Go through the listing below and write out exactly the lines from the one that mentions "Secondary drive gear" through the one that mentions "Spiderman Wallpaper - The", minus the pictures.

**TASK DATA**
▼▼▼

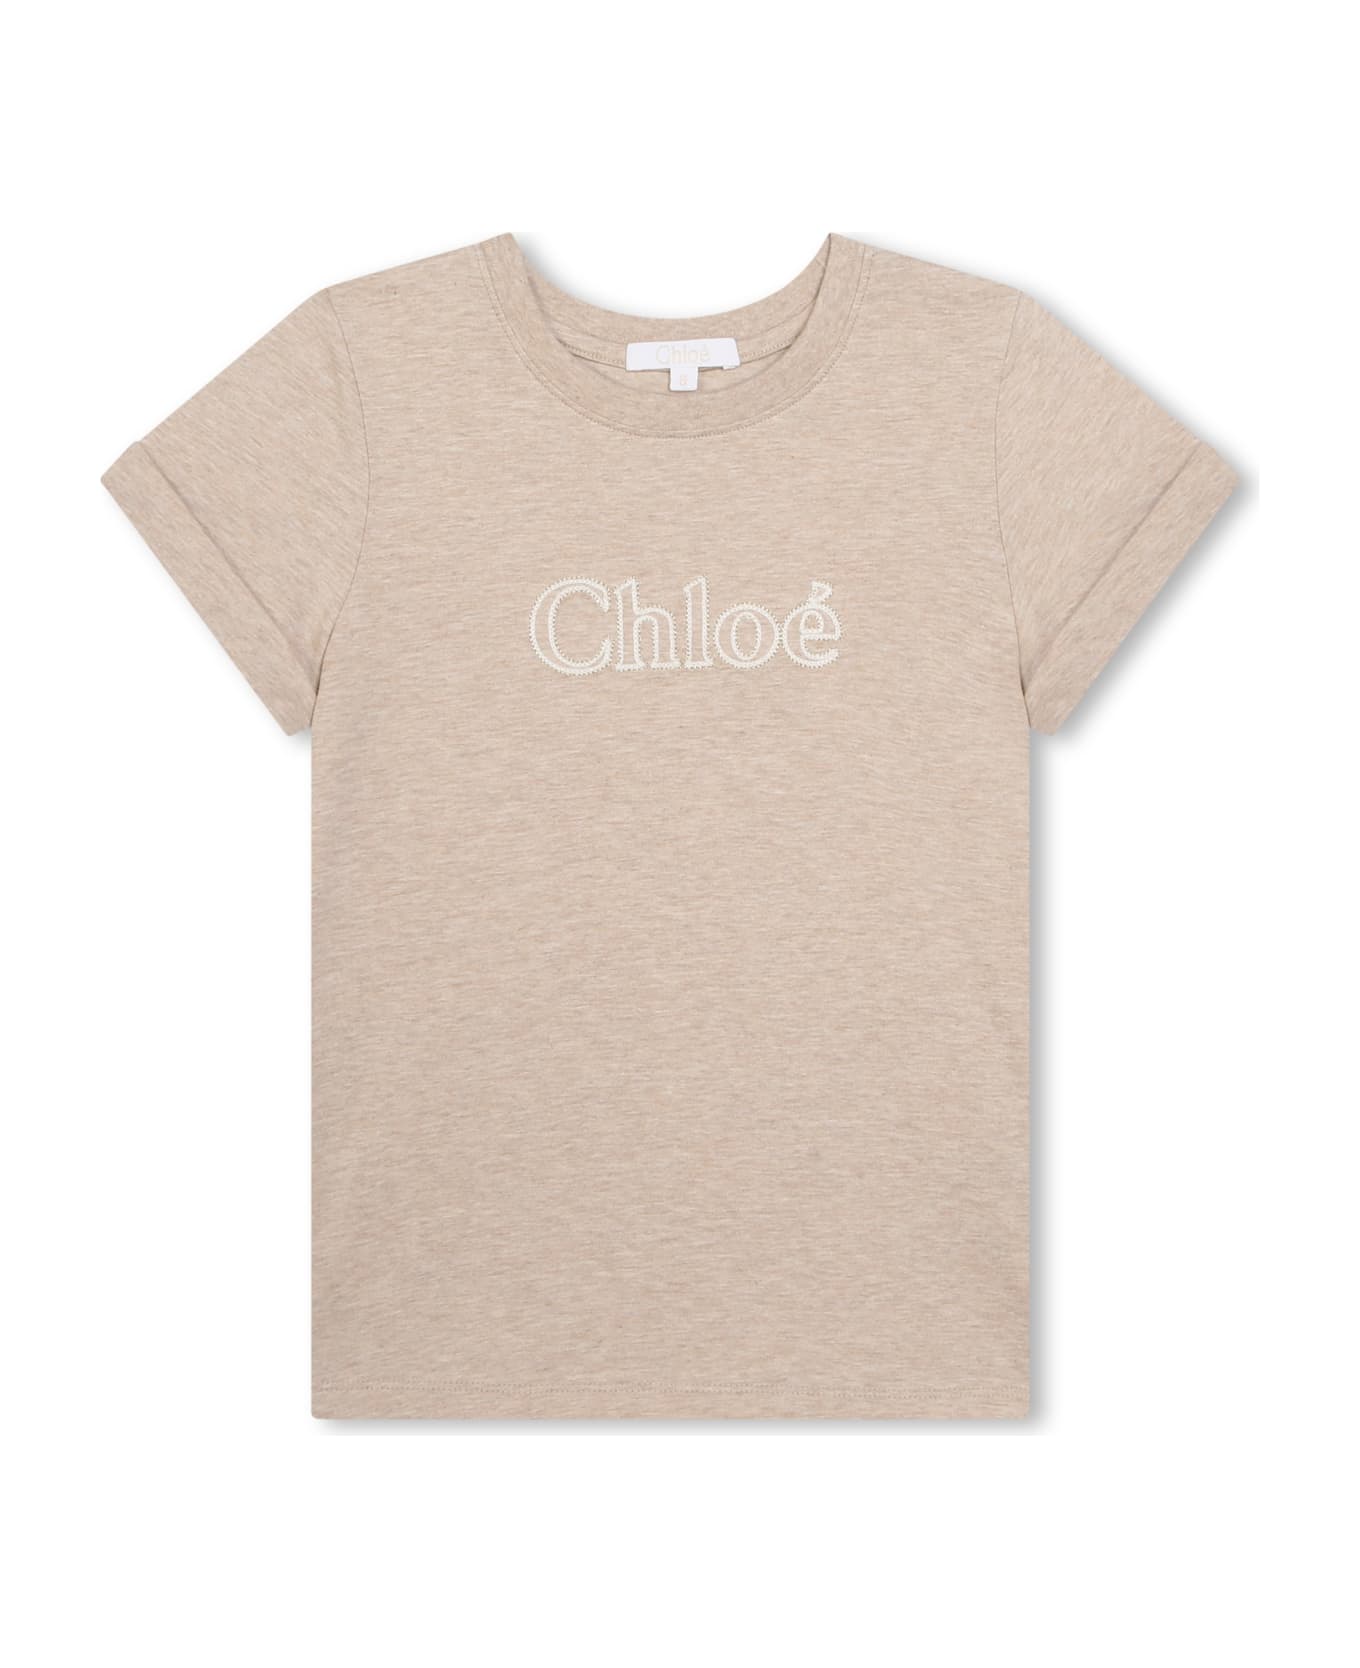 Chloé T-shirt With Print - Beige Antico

▲▲▲
▼▼▼

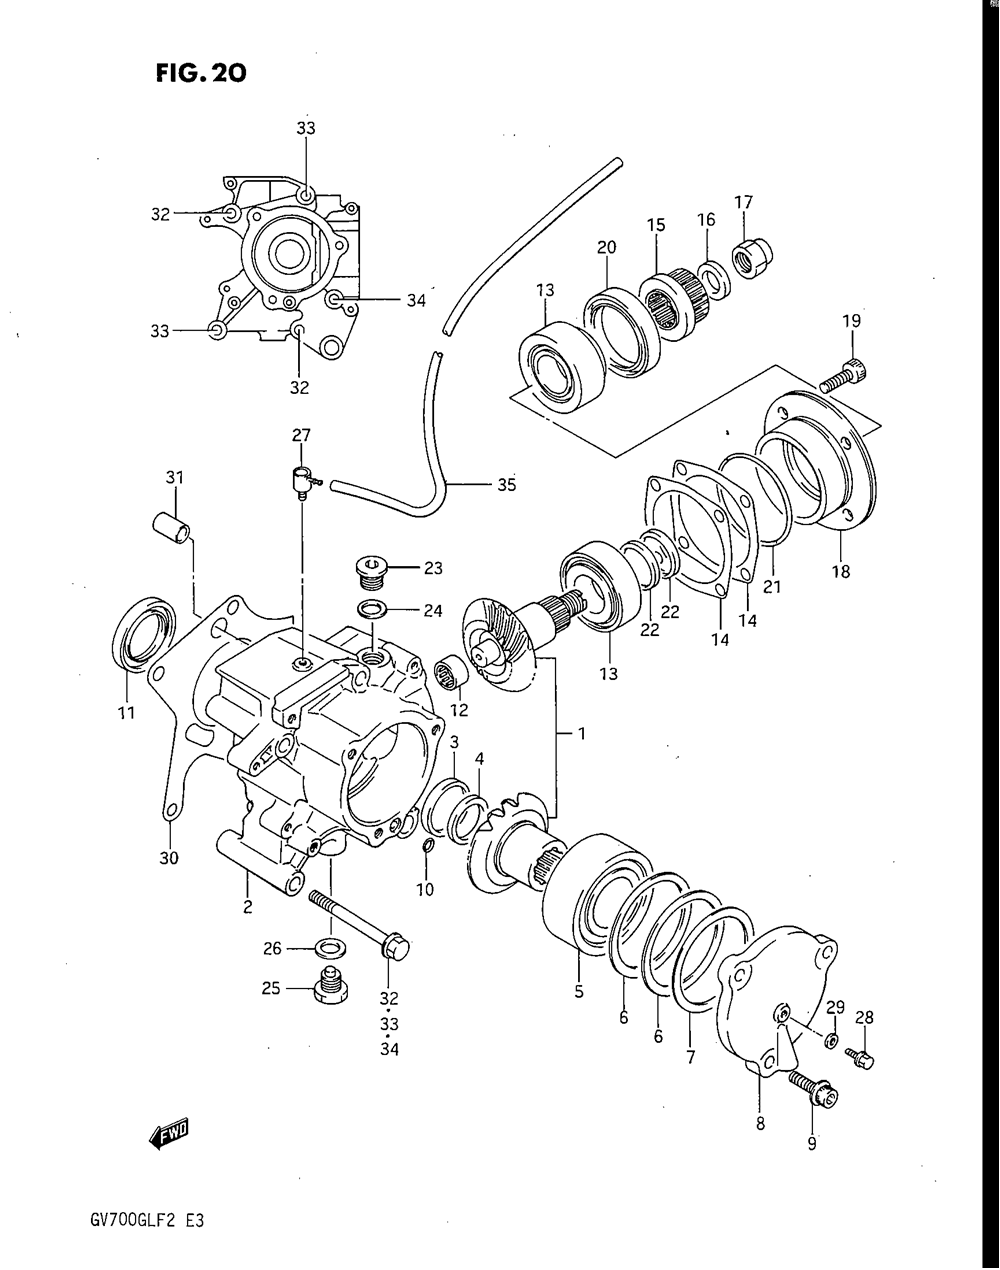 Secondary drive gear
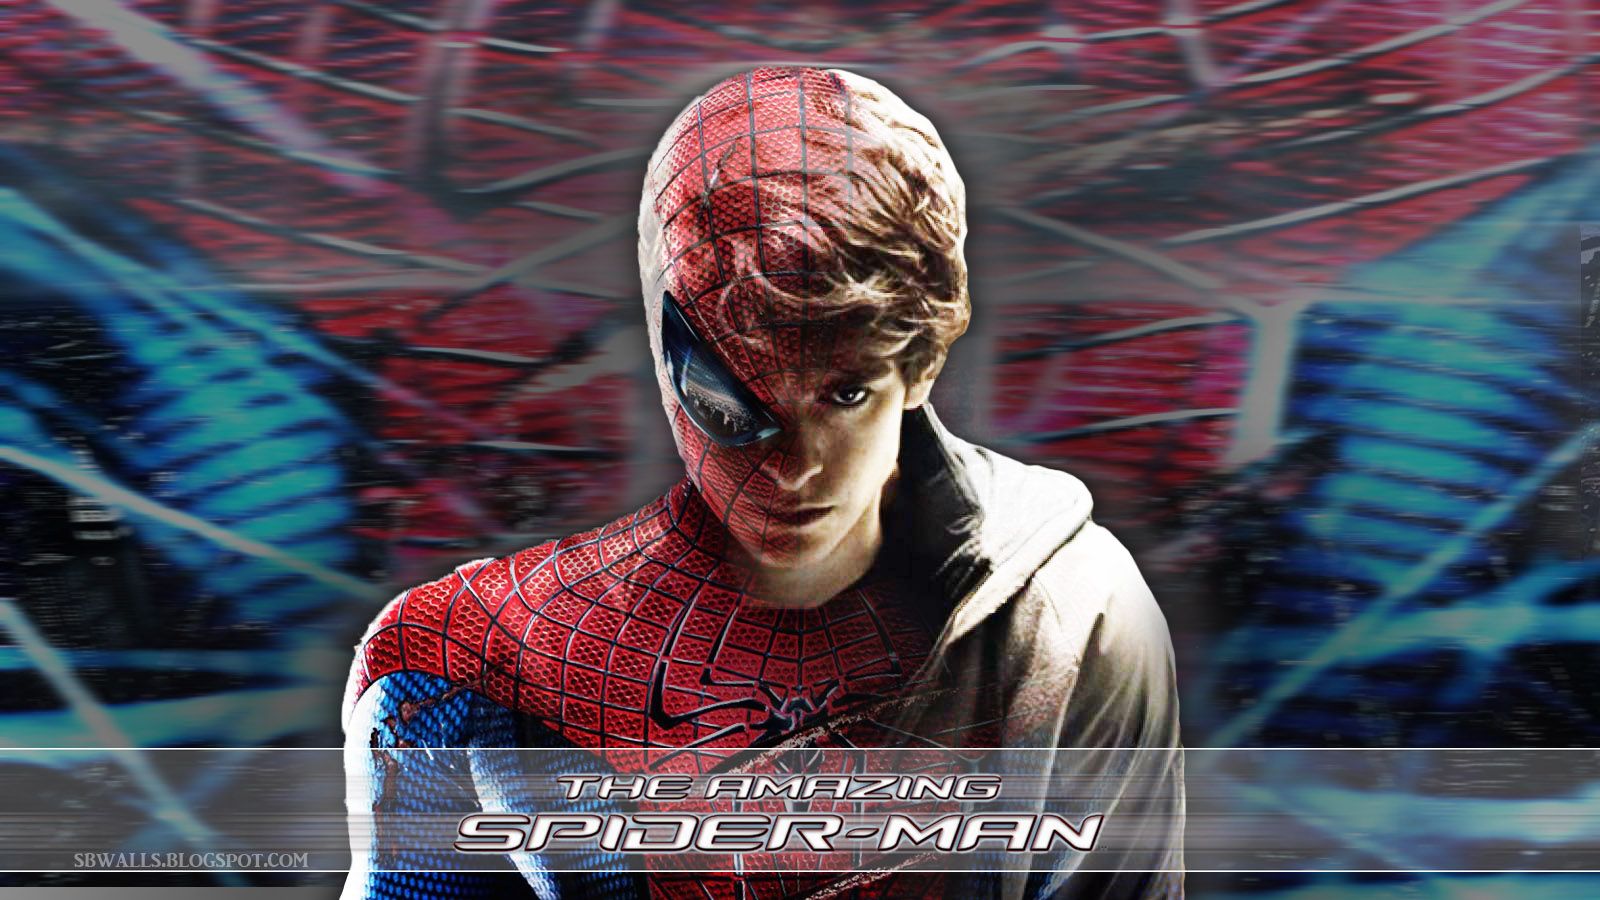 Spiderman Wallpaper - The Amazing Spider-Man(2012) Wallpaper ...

▲▲▲
▼▼▼

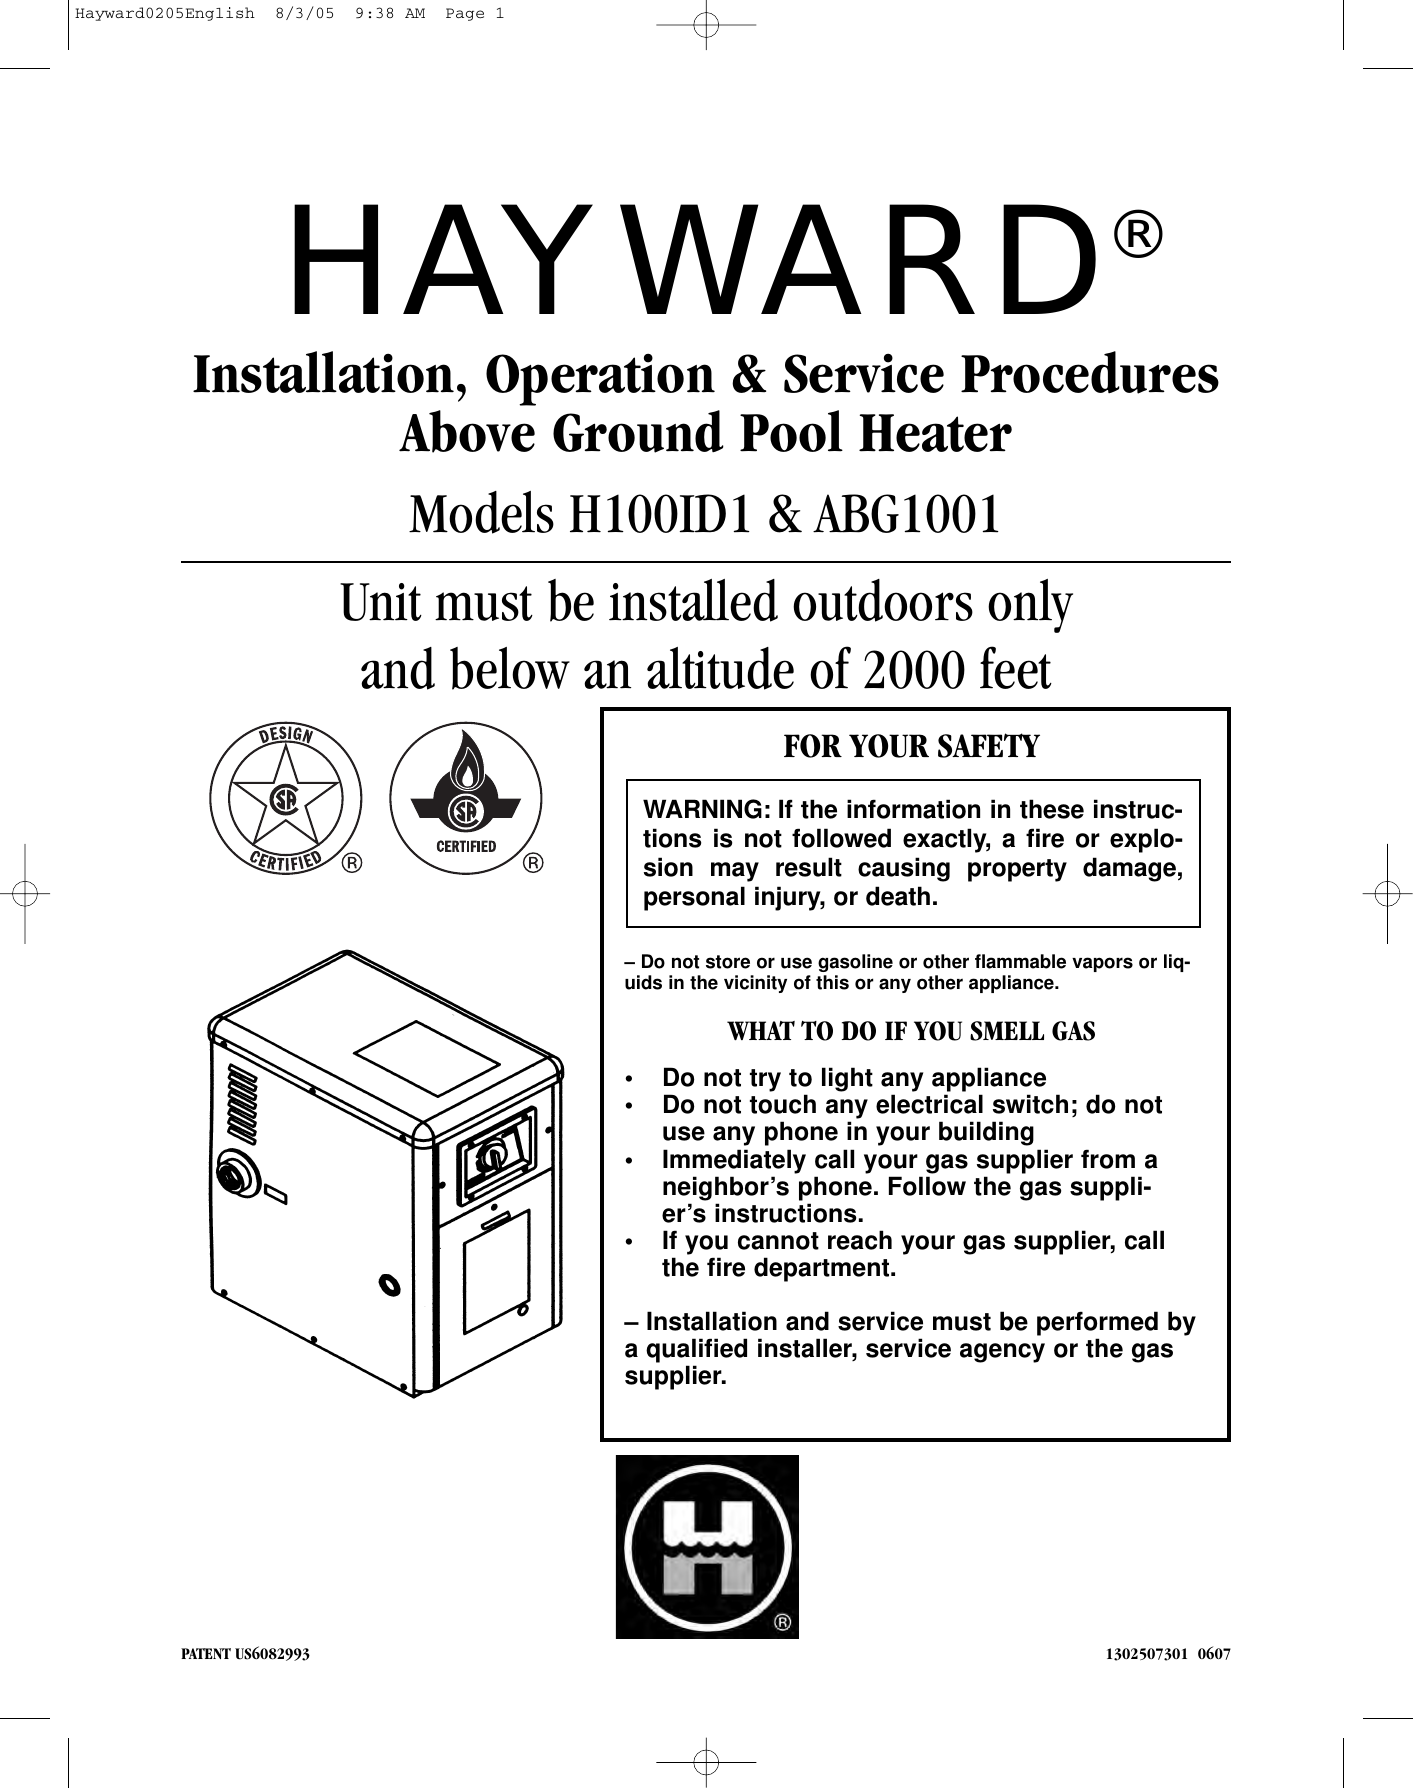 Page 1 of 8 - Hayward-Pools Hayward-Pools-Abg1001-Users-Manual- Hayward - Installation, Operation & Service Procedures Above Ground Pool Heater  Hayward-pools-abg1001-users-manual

▲▲▲

**ANSWER BOX**
 Secondary drive gear
 Spiderman Wallpaper - The Amazing Spider-Man(2012) Wallpaper ...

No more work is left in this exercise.